--- Activity ---
Below this line are records; transcribe exactly the lines between the one holding "Passeio para James" and the one holding "Digital Tie-Dye Brushes", inclusive, and omit the pictures.

--- Available records ---
Content starts

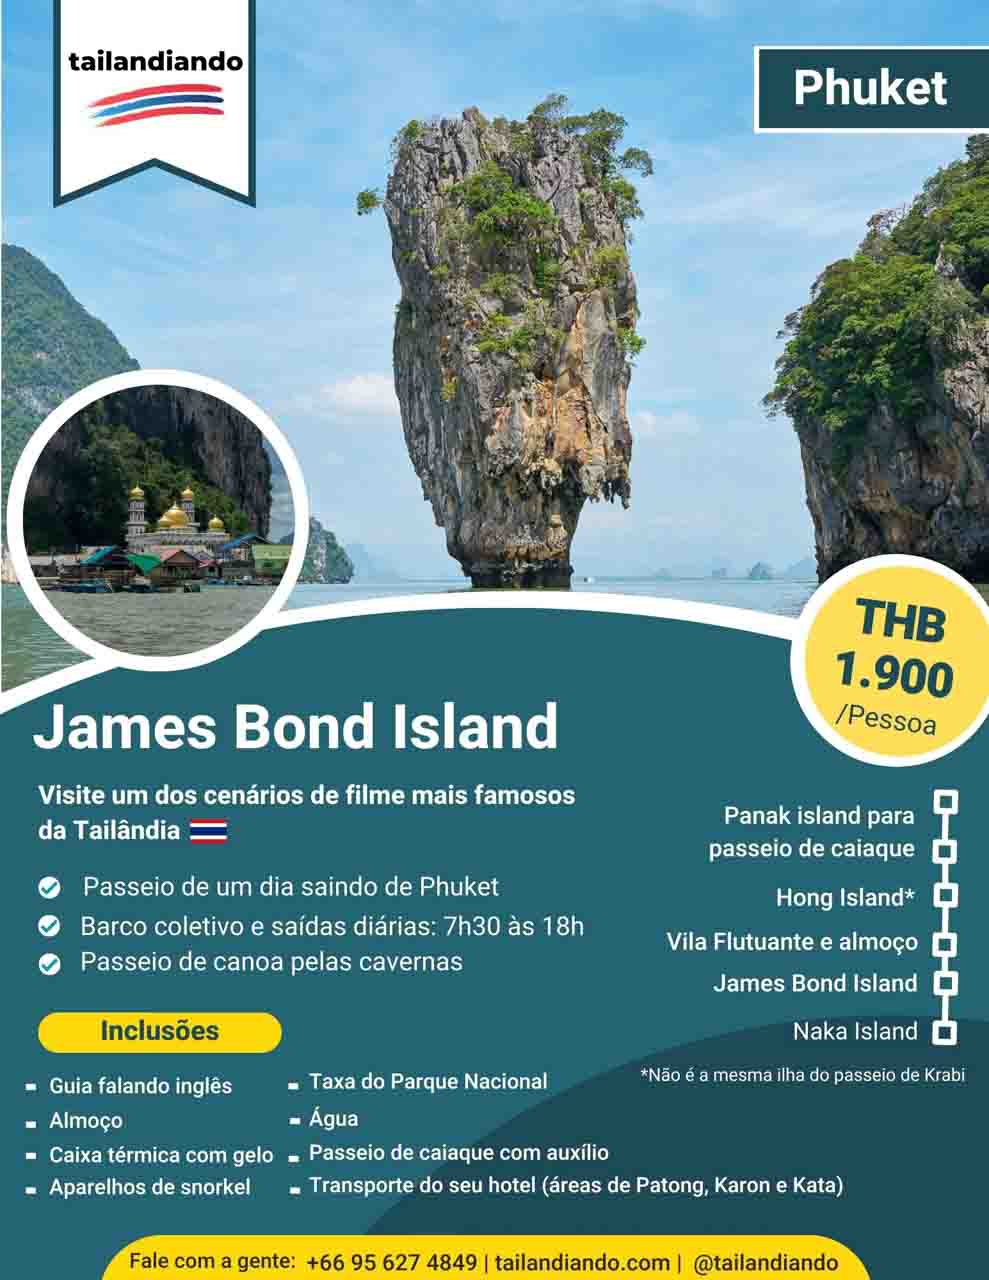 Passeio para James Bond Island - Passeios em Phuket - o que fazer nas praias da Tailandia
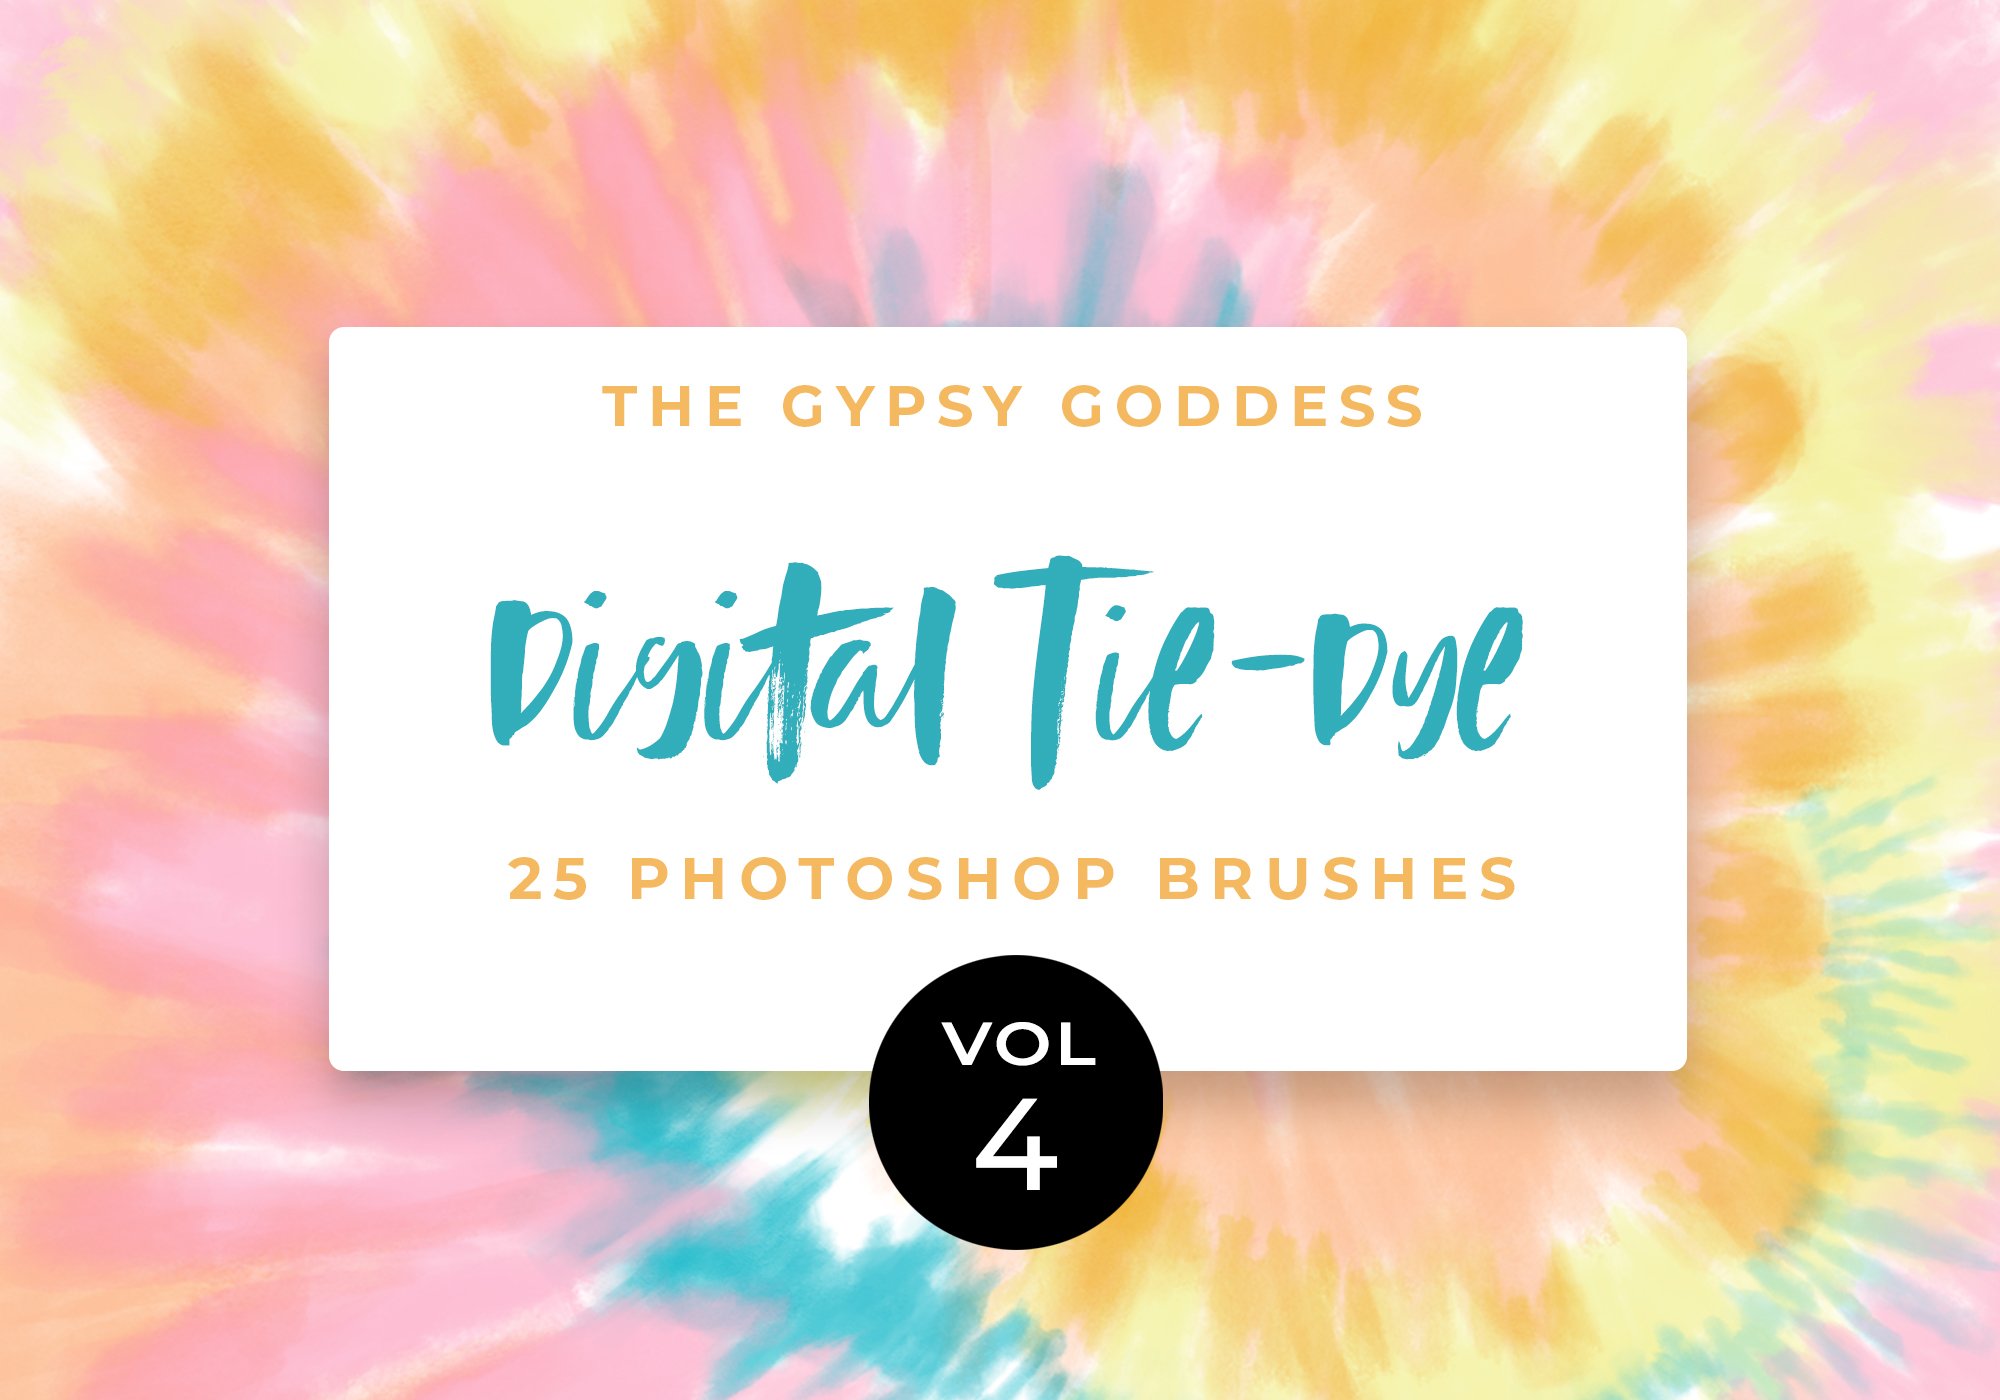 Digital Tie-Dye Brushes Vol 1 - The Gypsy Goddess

Content ends
Content starts

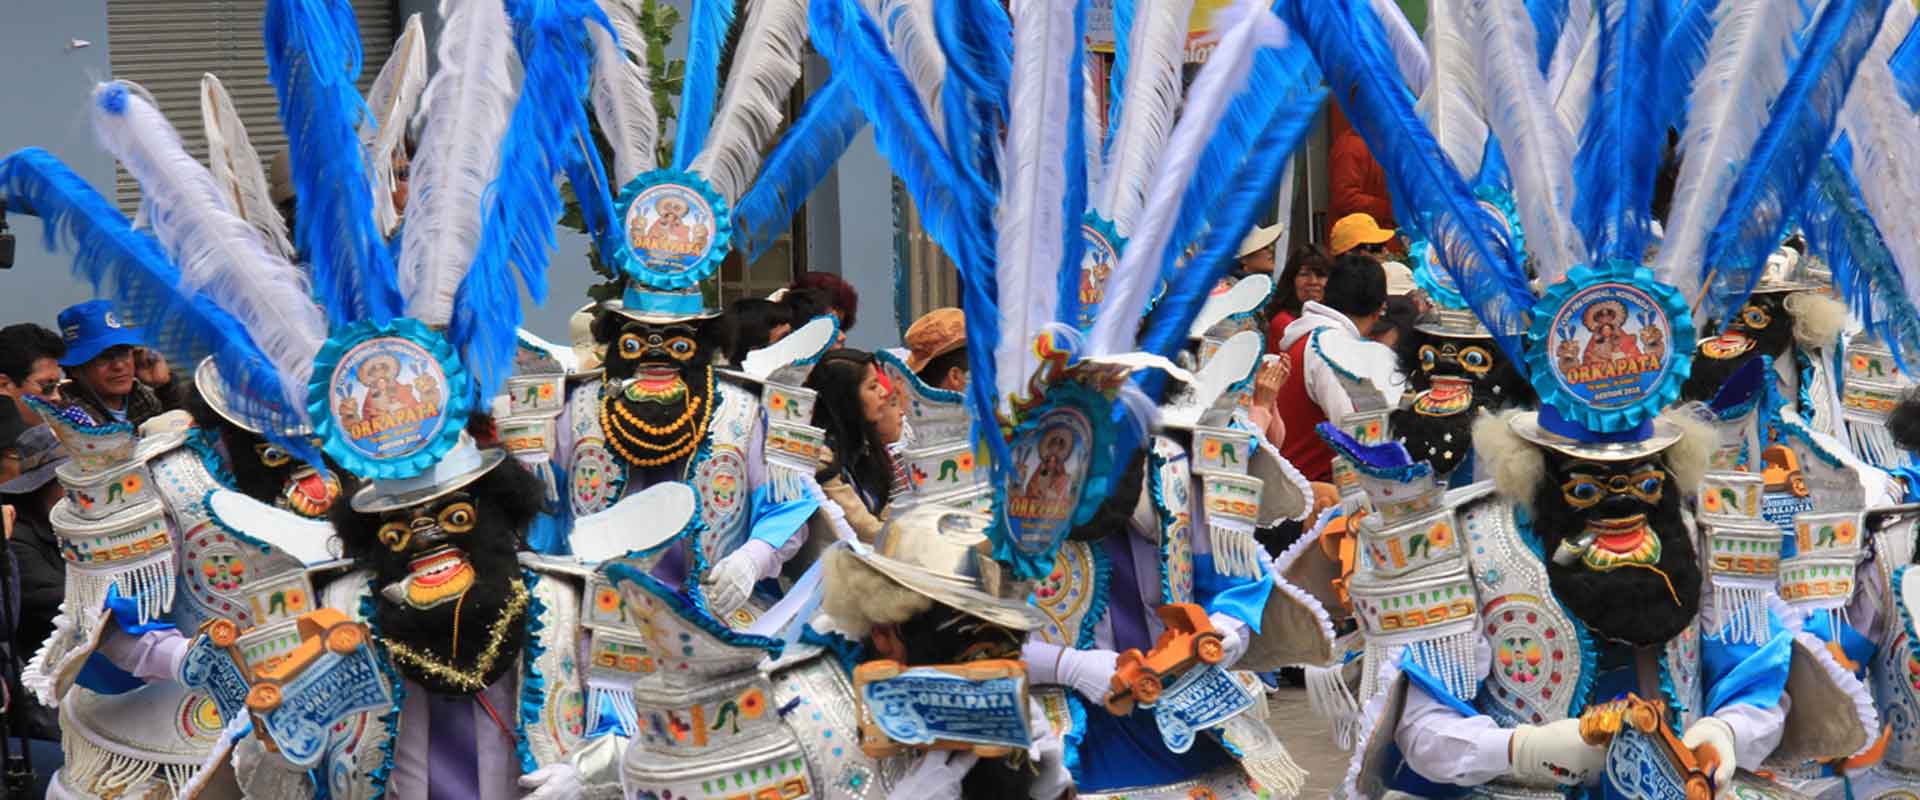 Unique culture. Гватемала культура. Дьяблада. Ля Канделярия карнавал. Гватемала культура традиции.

Content ends

--- Solution ---
 Passeio para James Bond Island - Passeios em Phuket - o que fazer nas praias da Tailandia
 Digital Tie-Dye Brushes Vol 1 - The Gypsy Goddess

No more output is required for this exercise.